-- Opening Marker --

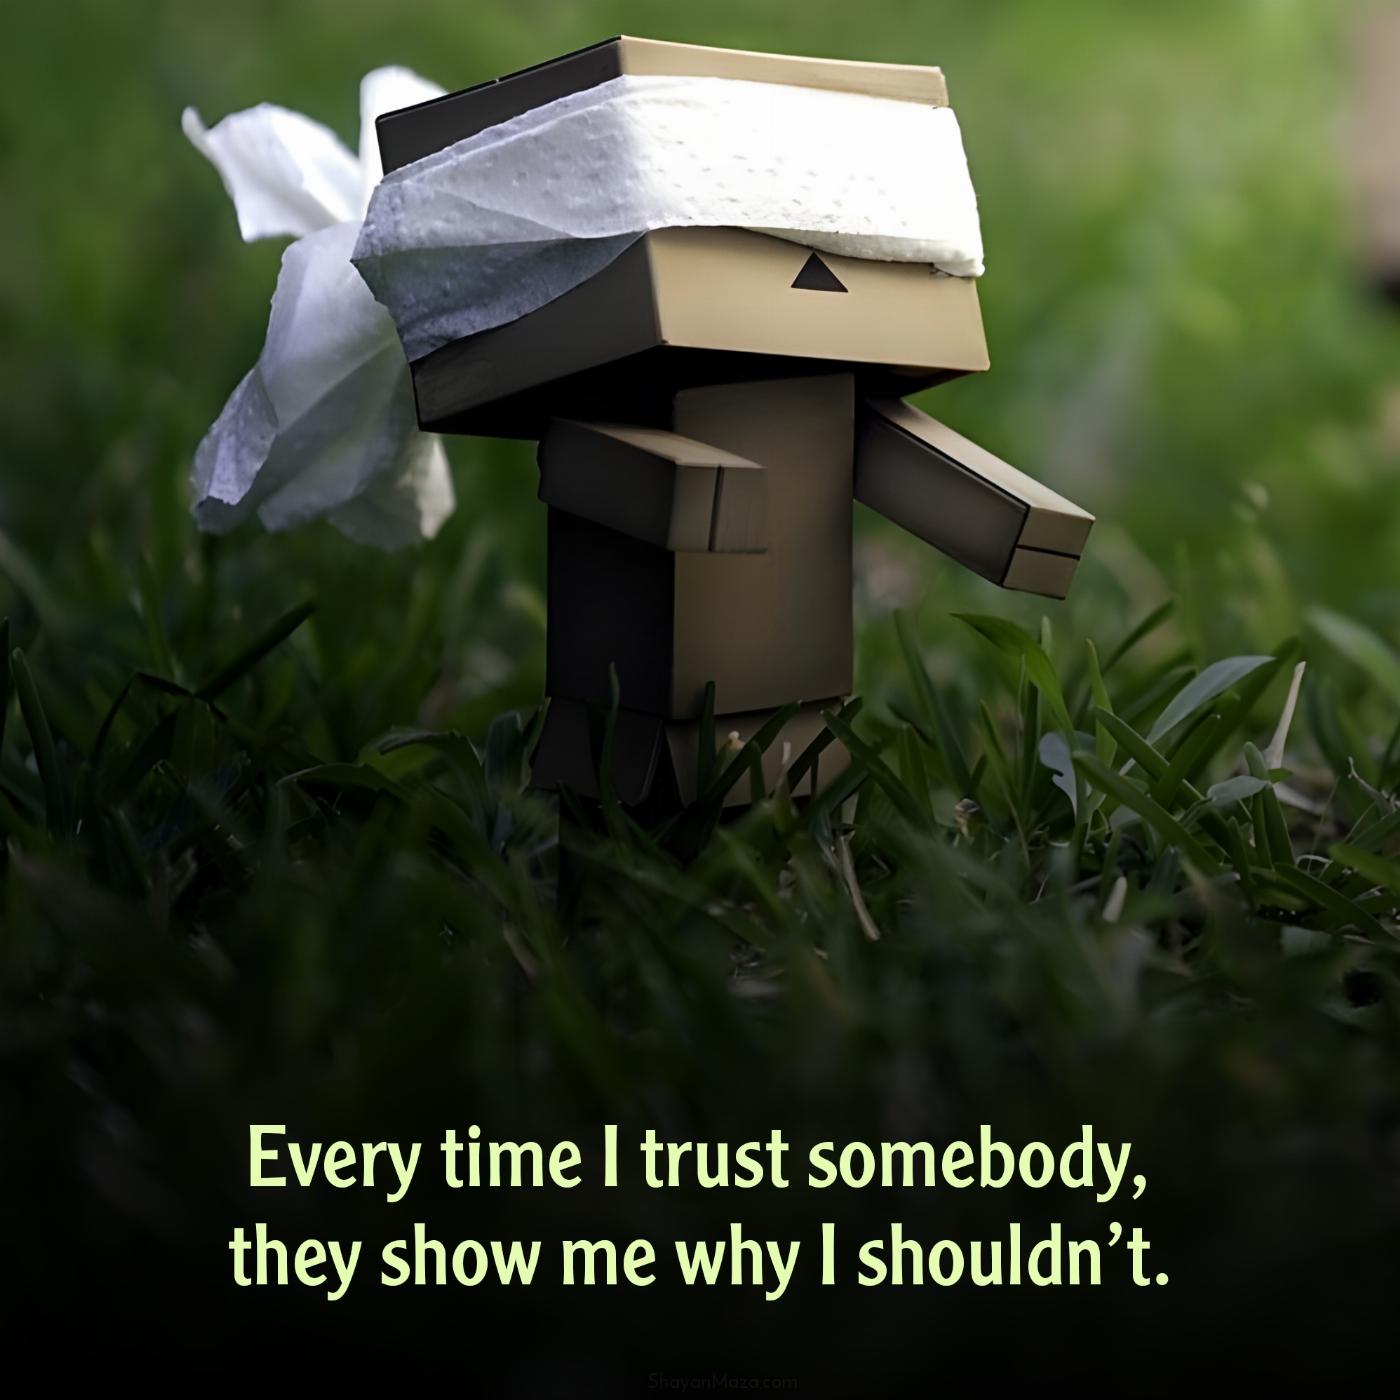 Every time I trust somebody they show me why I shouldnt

-- Closing Marker --
-- Opening Marker --

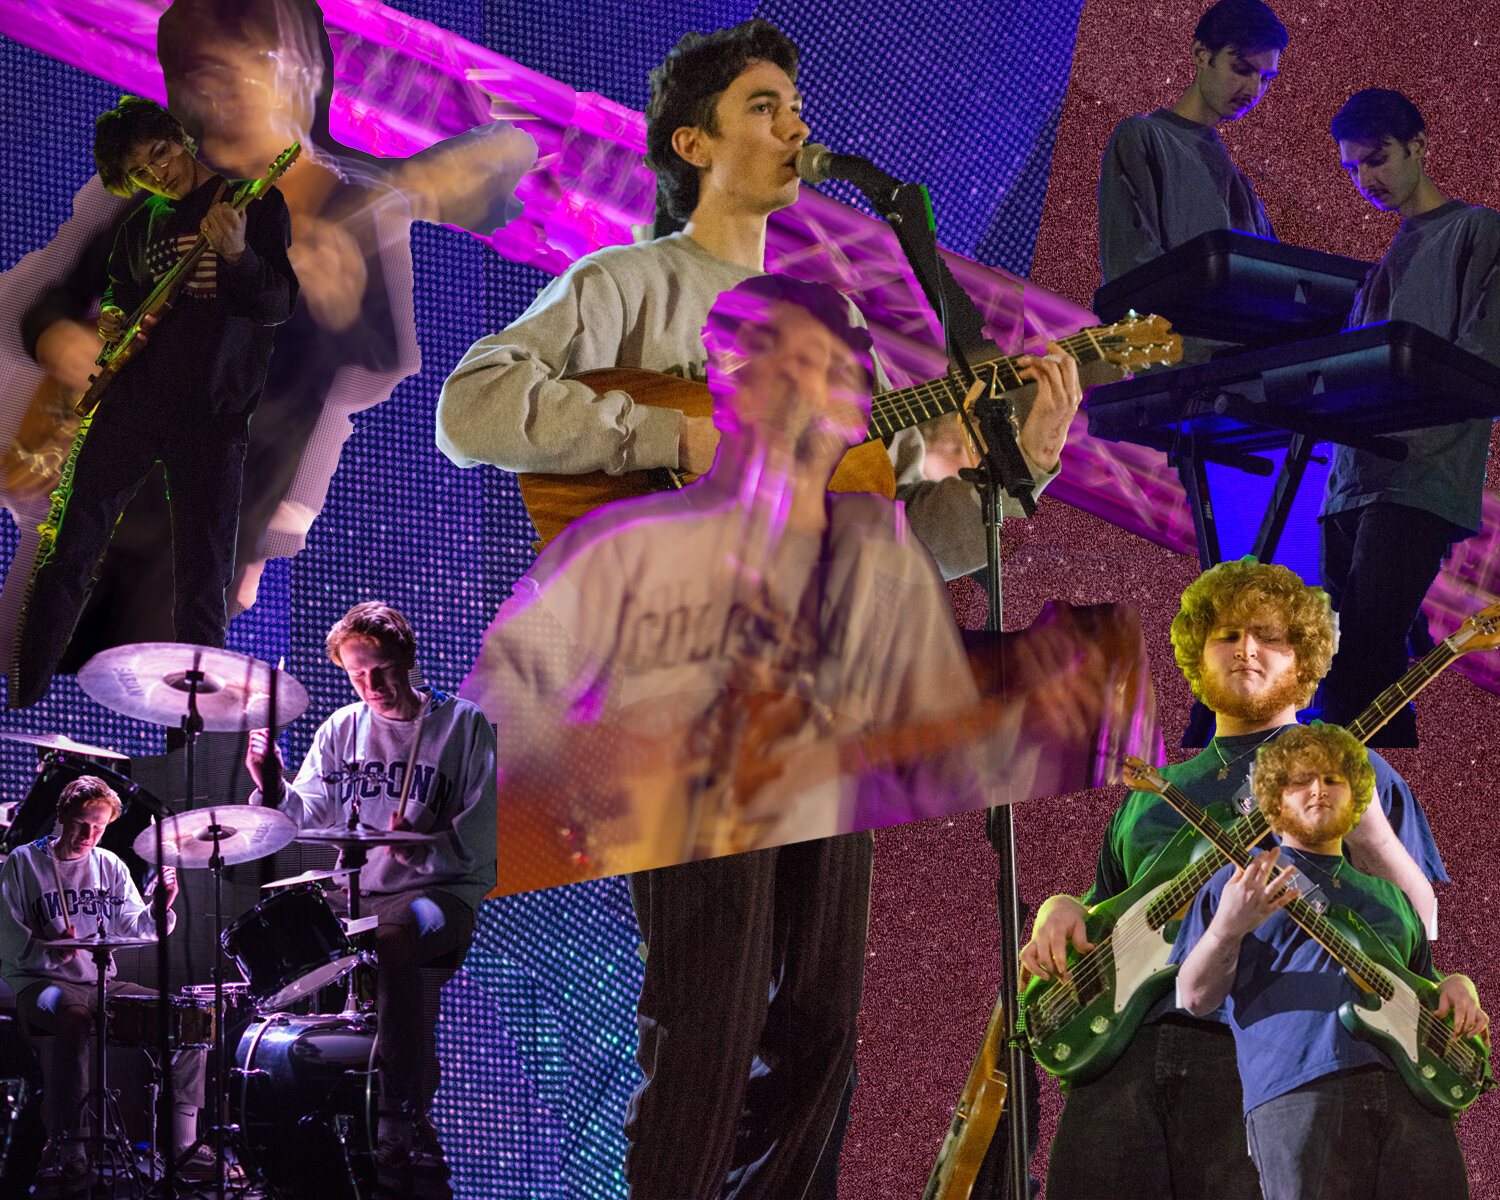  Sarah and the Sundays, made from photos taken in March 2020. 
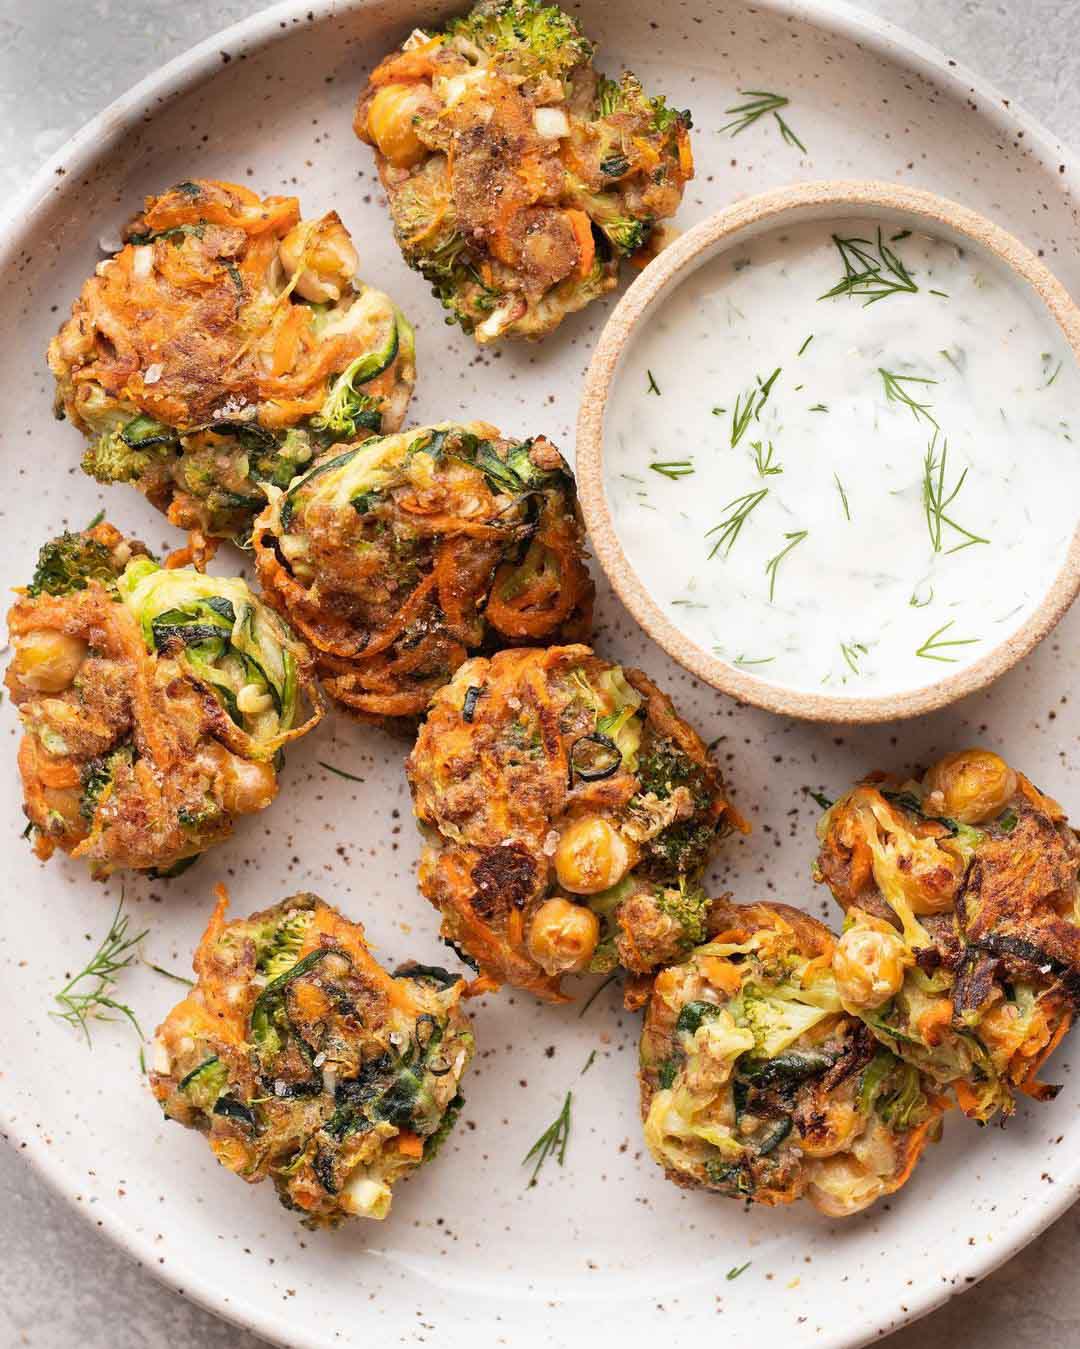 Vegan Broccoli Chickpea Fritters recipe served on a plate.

-- Closing Marker --
-- Opening Marker --

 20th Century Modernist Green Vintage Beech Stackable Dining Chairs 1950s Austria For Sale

-- Closing Marker --

• **What the exercise asks**:
The data above holds the lines to copy: start at the one with "Sarah and the", stop at the one with "Vegan Broccoli Chickpea", include both, copy them exactly without pictures, and copy nothing else.

• **Answer for the task**:
  Sarah and the Sundays, made from photos taken in March 2020. 
 Vegan Broccoli Chickpea Fritters recipe served on a plate.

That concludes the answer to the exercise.